Euros 2020: What all of us can learn from Gareth Southgate
- Published
Part of Gareth Southgate's success could be his willingness to turn to football outsiders to help prepare his England team. One of these advisers, former Olympian Matthew Syed, argues there's a lot the rest of the world can learn about this approach.
If there is one universal truth about human psychology, it is that we love being surrounded by people who think just like us. The Ancient Greeks called it "homophily" which means "love of the same". It was Plato who warned "birds of a feather flock together".

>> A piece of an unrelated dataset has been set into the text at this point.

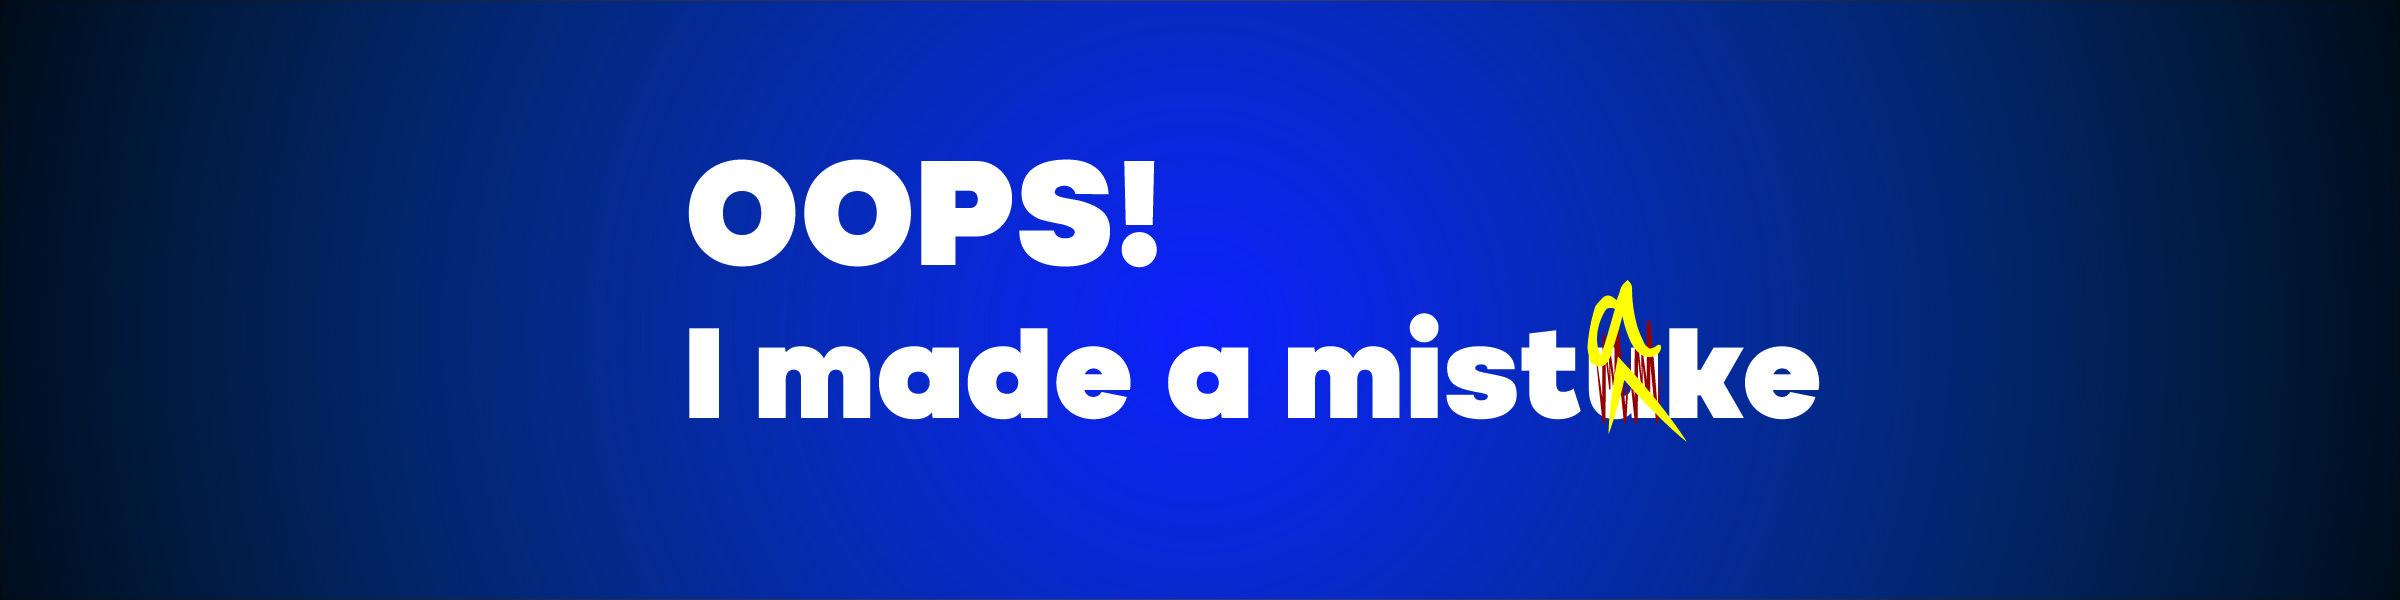 OOPS Title Slide.jpg

In some ways, this is the story of the England football set-up for the last three decades, the squad run by a true "footballing man" advised by other "footballing men". The idea is that if you get knowledgeable football chaps in a room, you will maximise the amount of knowledge - and thereby find a way to win matches.
This is why when Sir Clive Woodward - a world-class rugby coach - was appointed as an assistant coach at Southampton FC a few years ago, there was uproar. "But he's a rugby person", football insiders said in horror.
"If Harry Redknapp - the coach of Southampton at the time - needs advice, what is wrong with, say, Tony Pulis or David Pleat (both English based football coaches)? They are experts on football!"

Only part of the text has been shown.